**AIM OF THE EXERCISE:** The lines to copy run from the one containing "Bioglan Biotic Balance Kids Milk ChocBalls" to the last line of the entries; output those lines exactly and only them, without pictures.

**Records contained in a dataset:**
^^^^
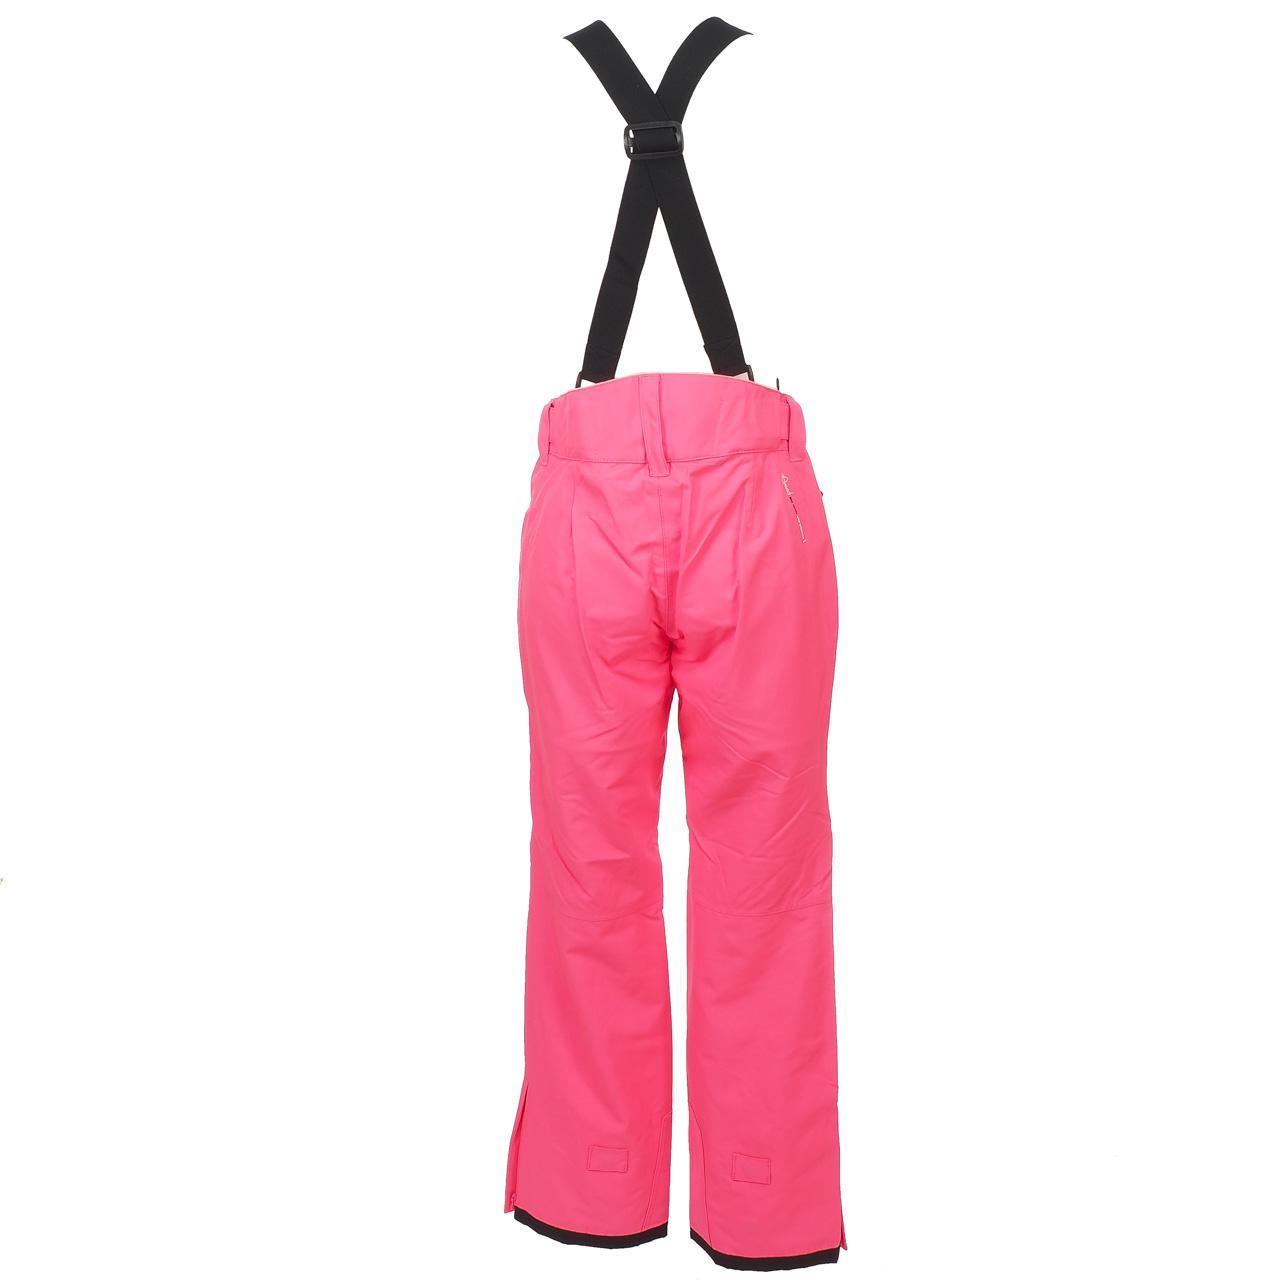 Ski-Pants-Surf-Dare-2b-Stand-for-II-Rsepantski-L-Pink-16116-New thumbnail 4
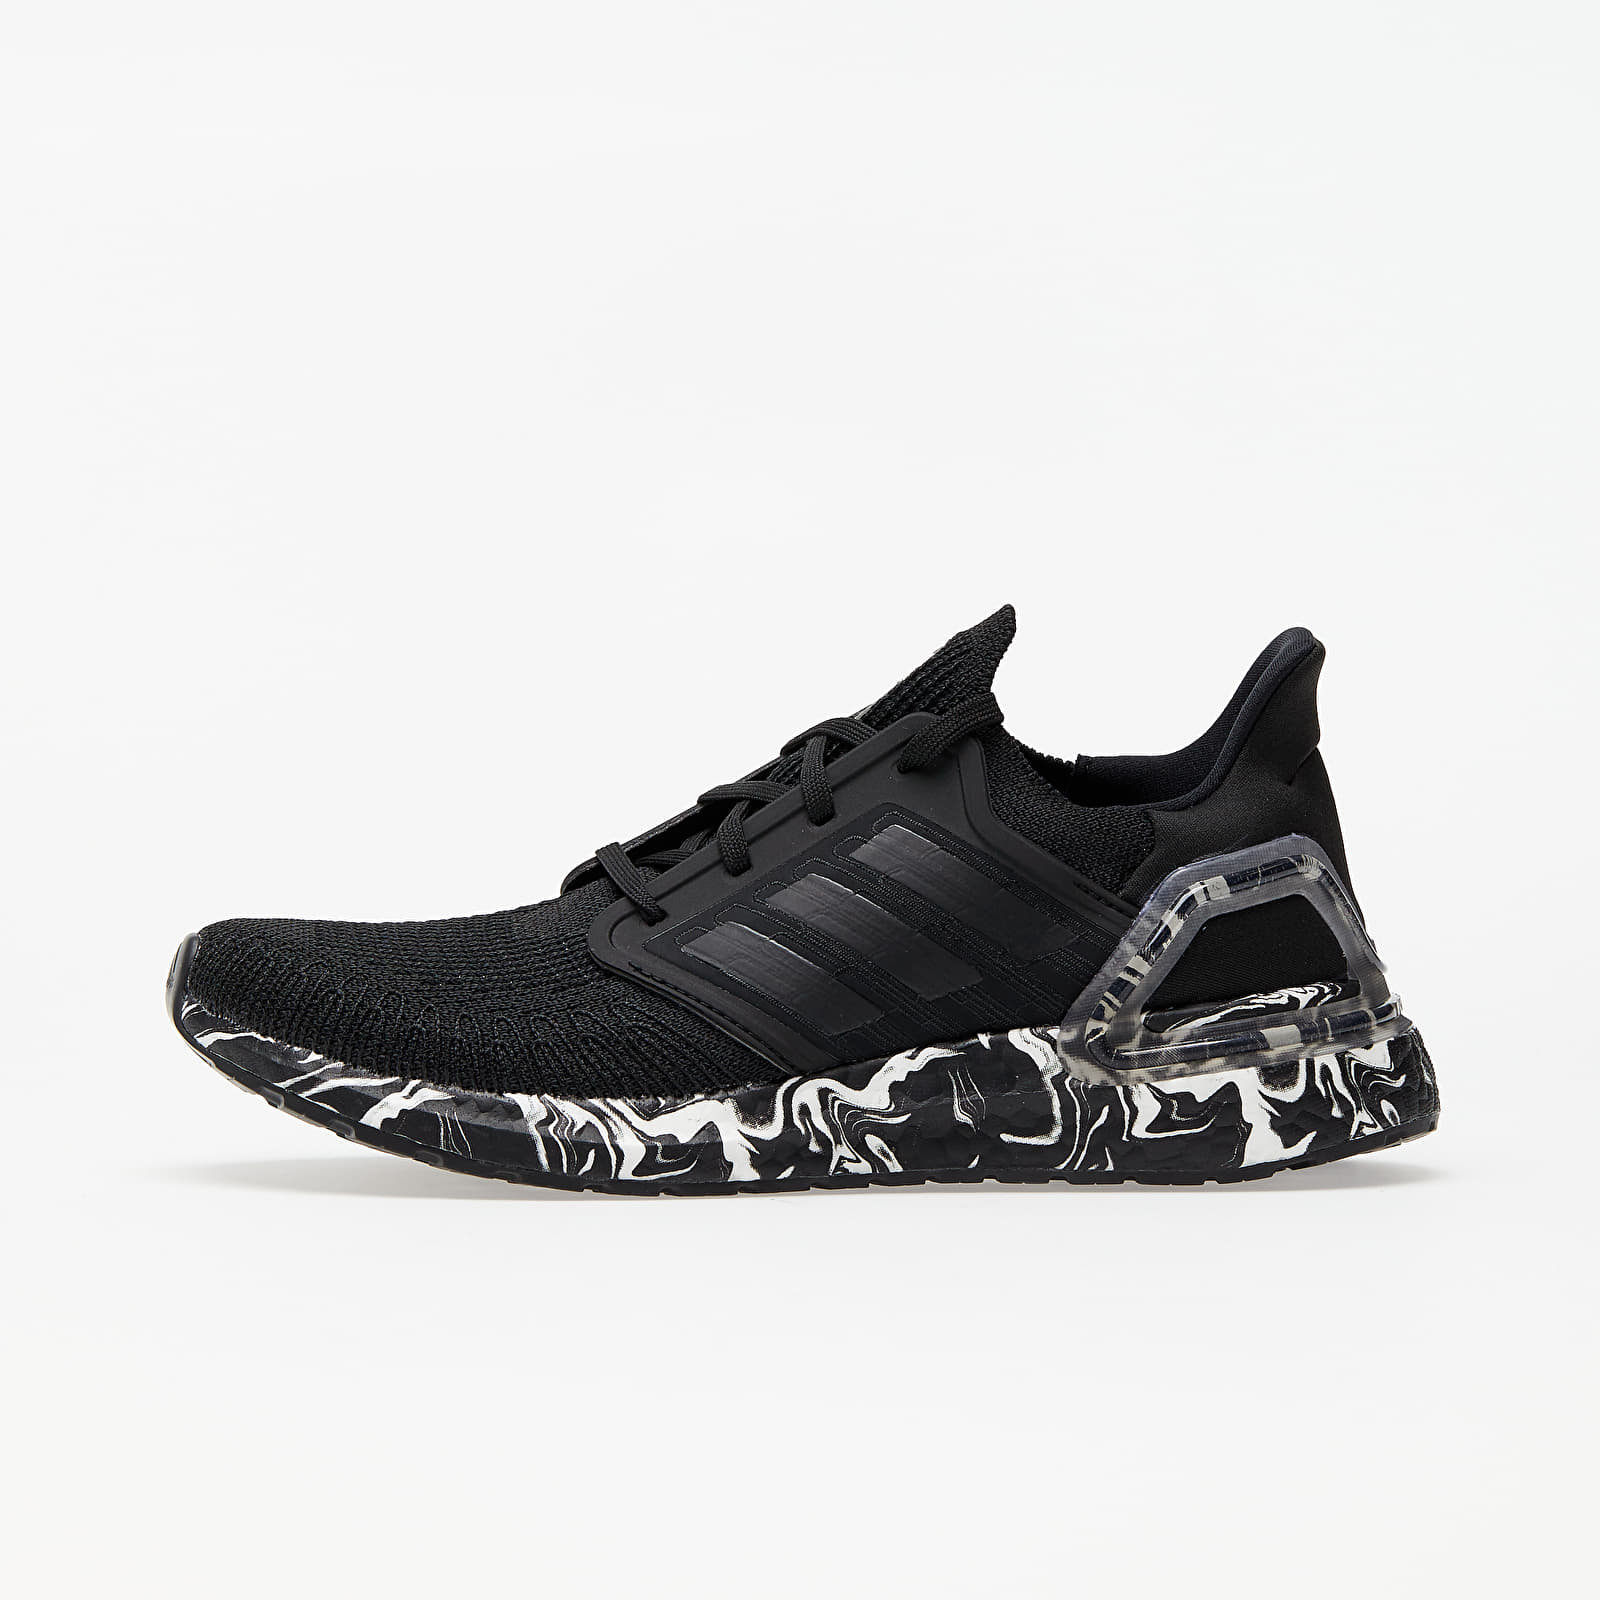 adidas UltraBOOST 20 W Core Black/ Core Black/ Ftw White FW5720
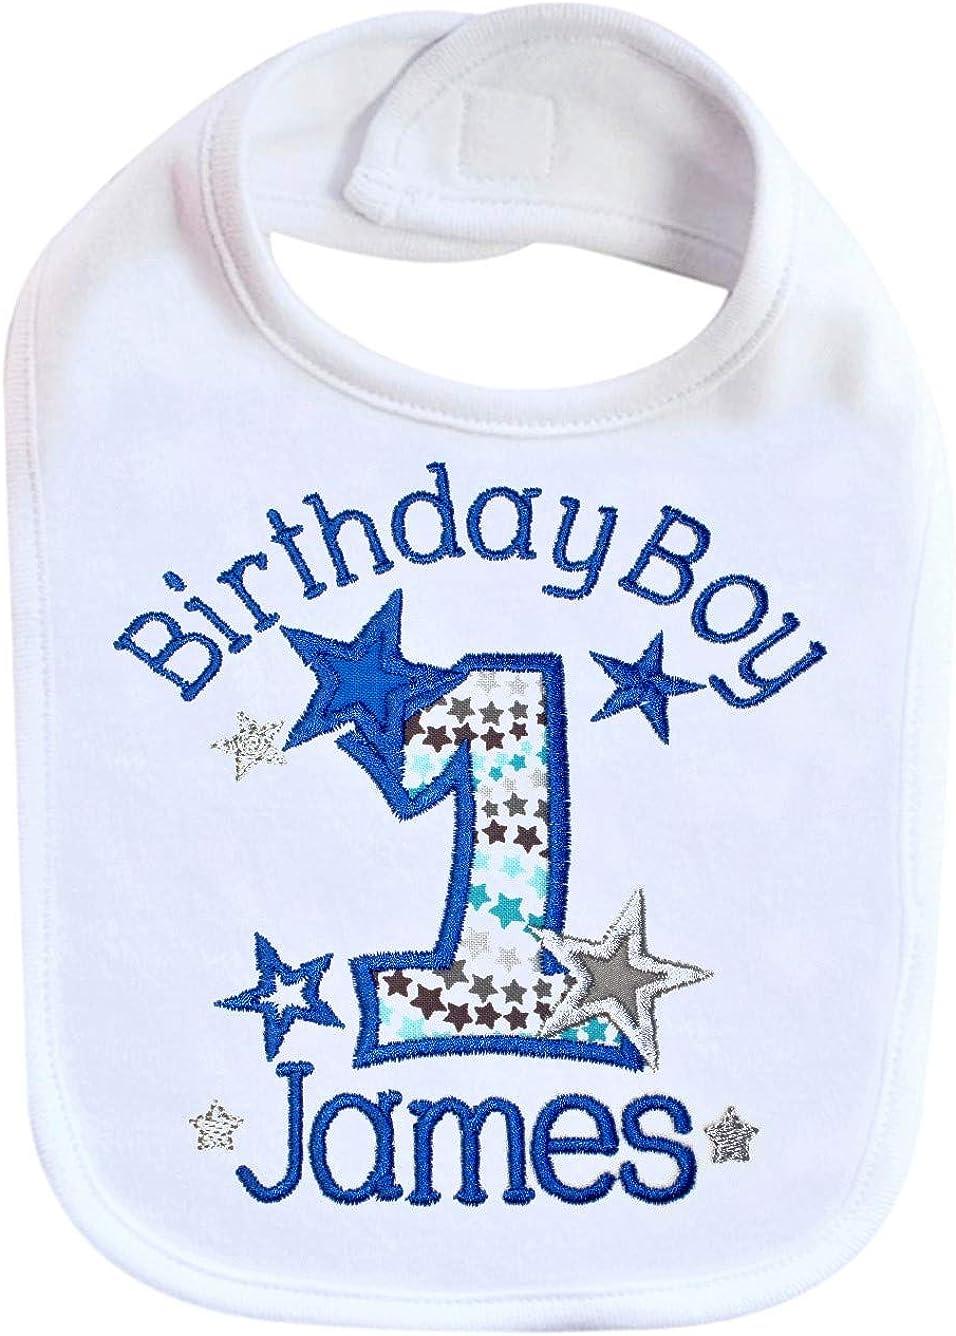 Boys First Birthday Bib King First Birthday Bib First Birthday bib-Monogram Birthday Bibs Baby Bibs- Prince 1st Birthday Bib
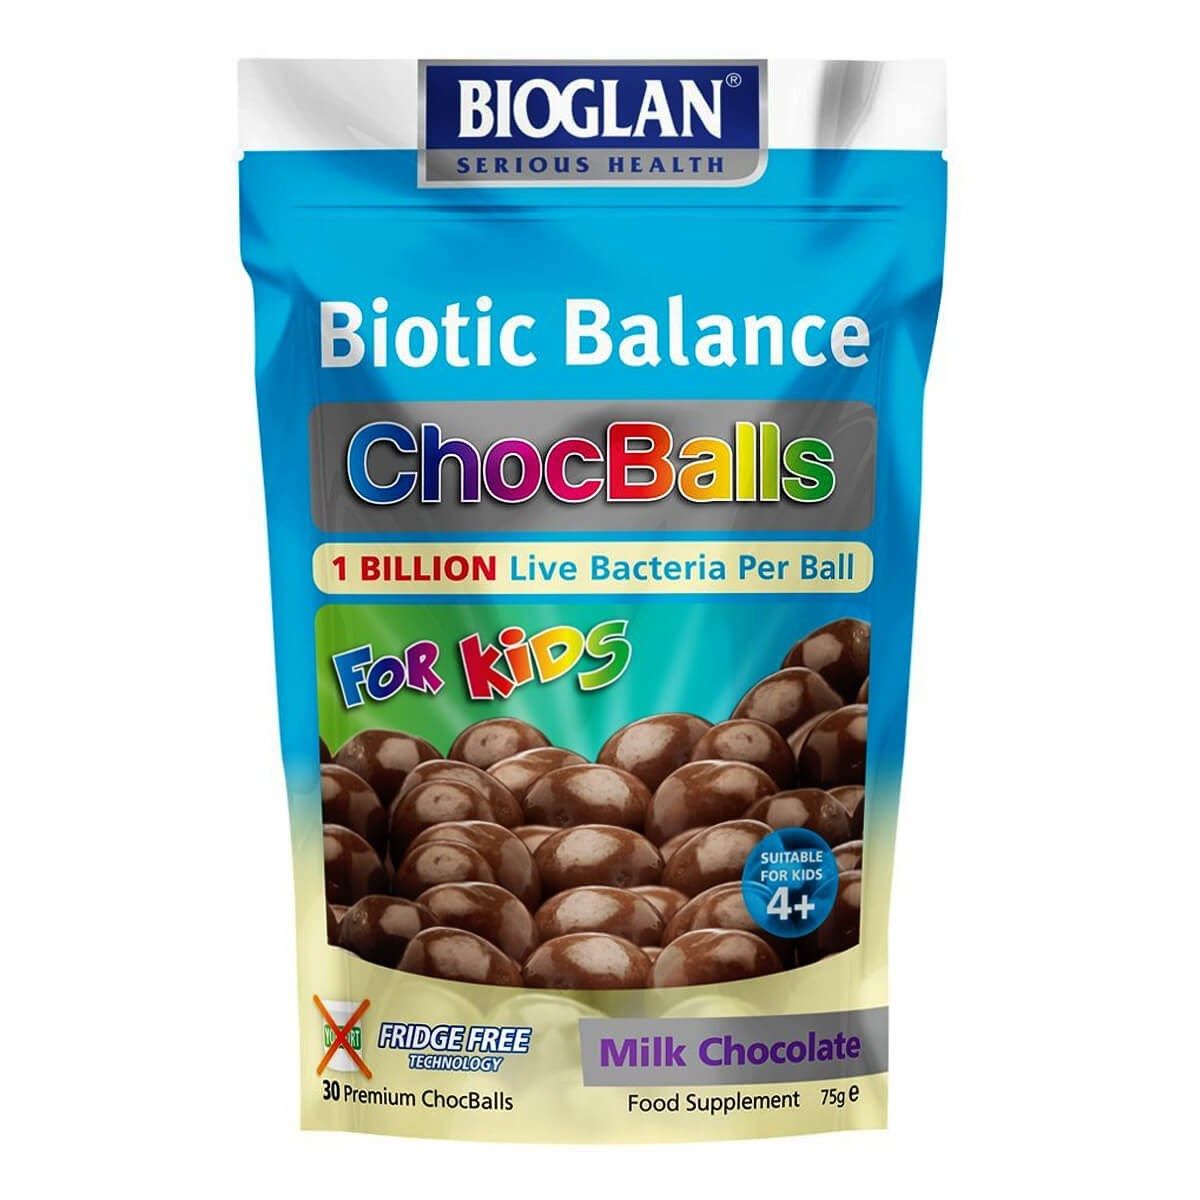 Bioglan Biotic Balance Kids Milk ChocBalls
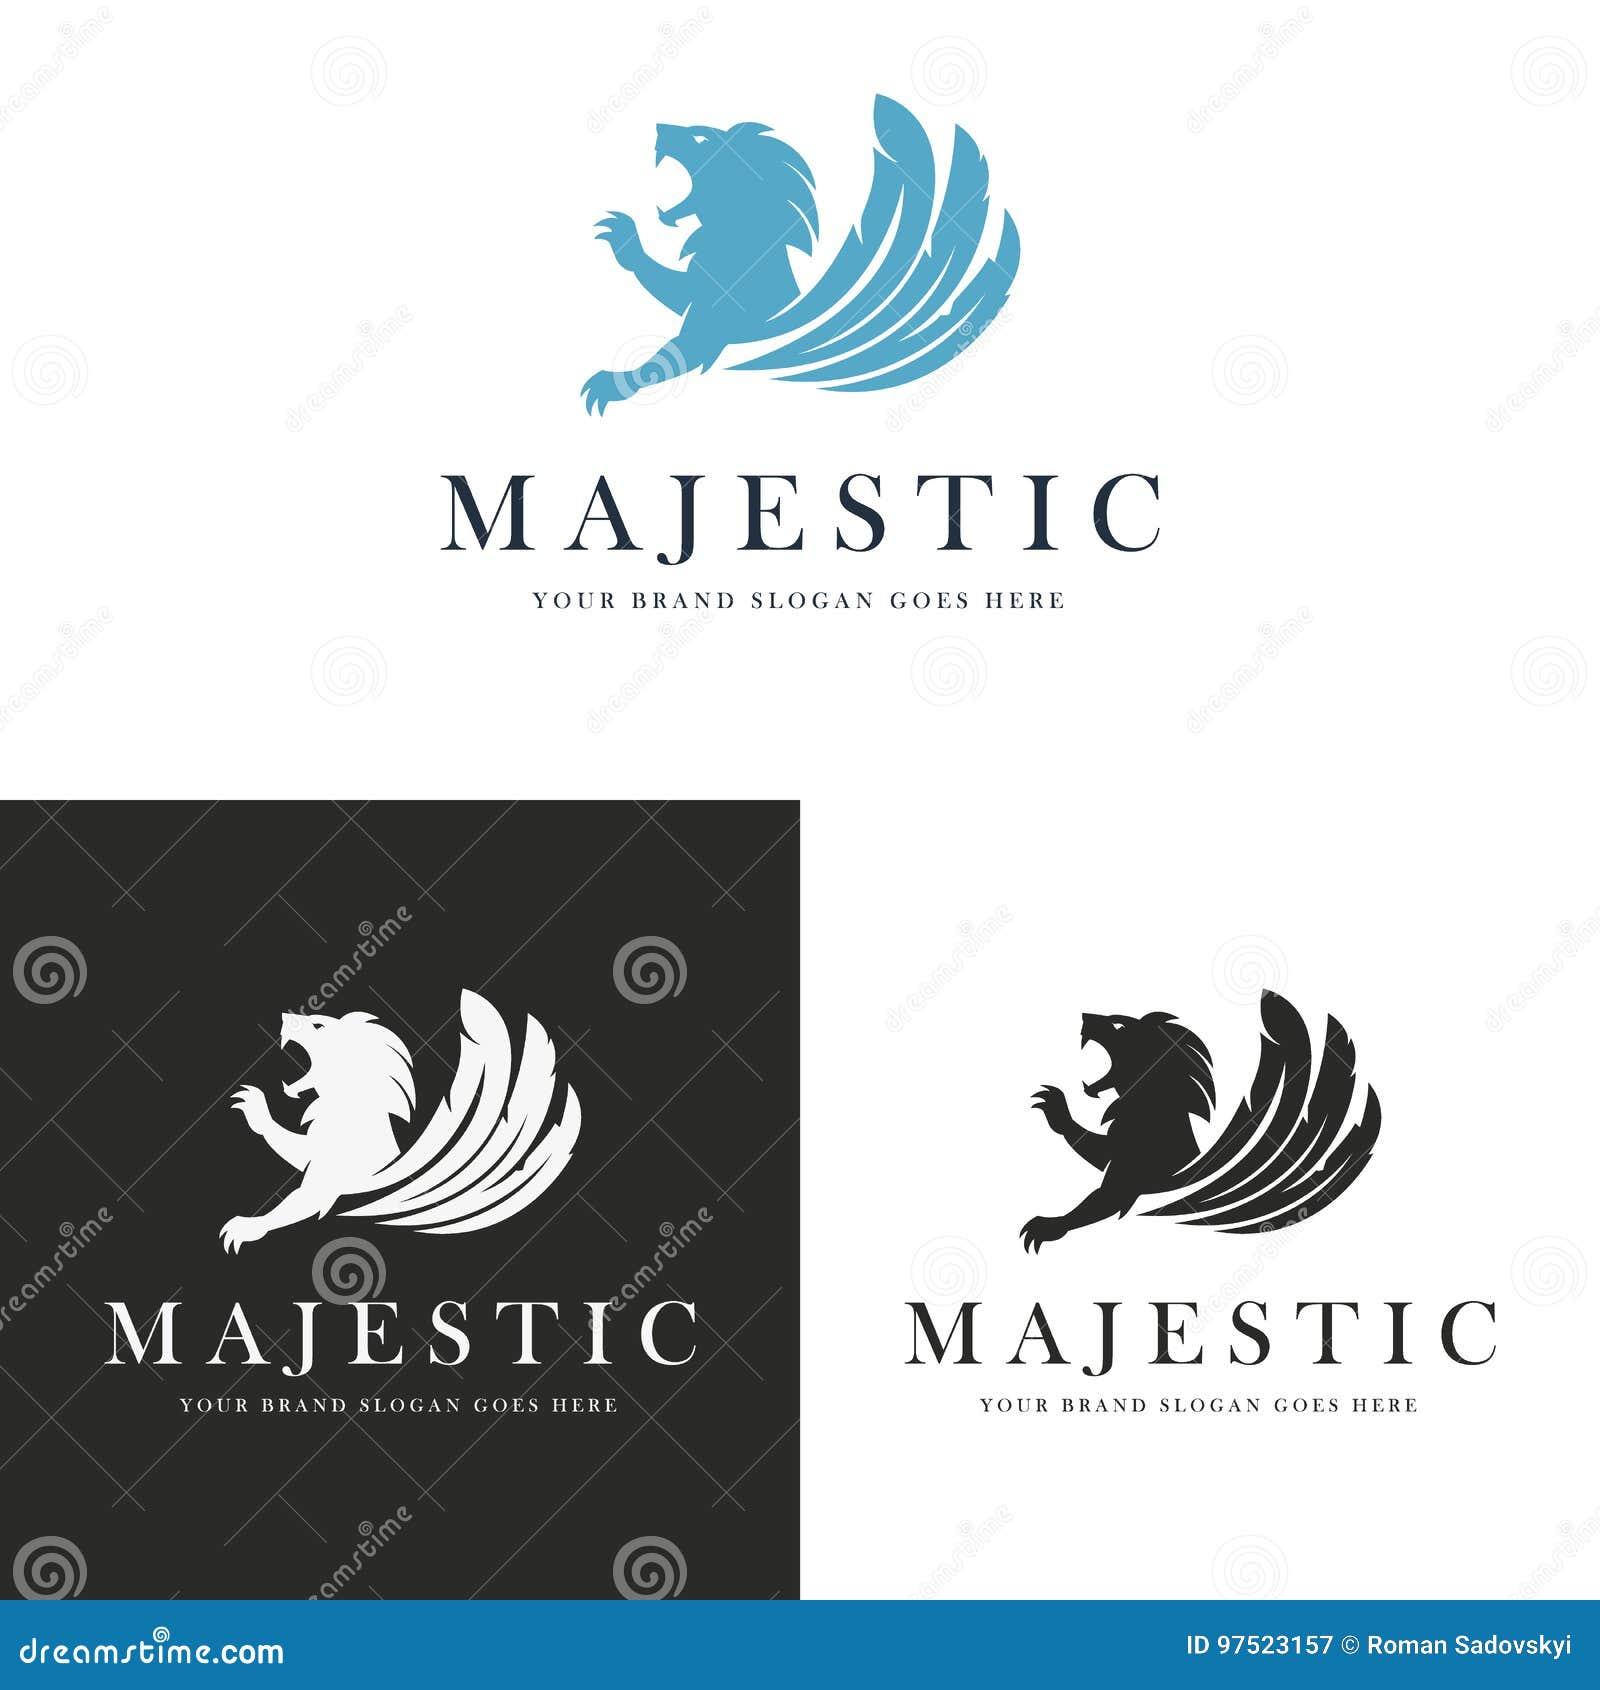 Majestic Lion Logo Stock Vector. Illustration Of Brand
^^^^
**RESULT:**
 Bioglan Biotic Balance Kids Milk ChocBalls
 Majestic Lion Logo Stock Vector. Illustration Of Brand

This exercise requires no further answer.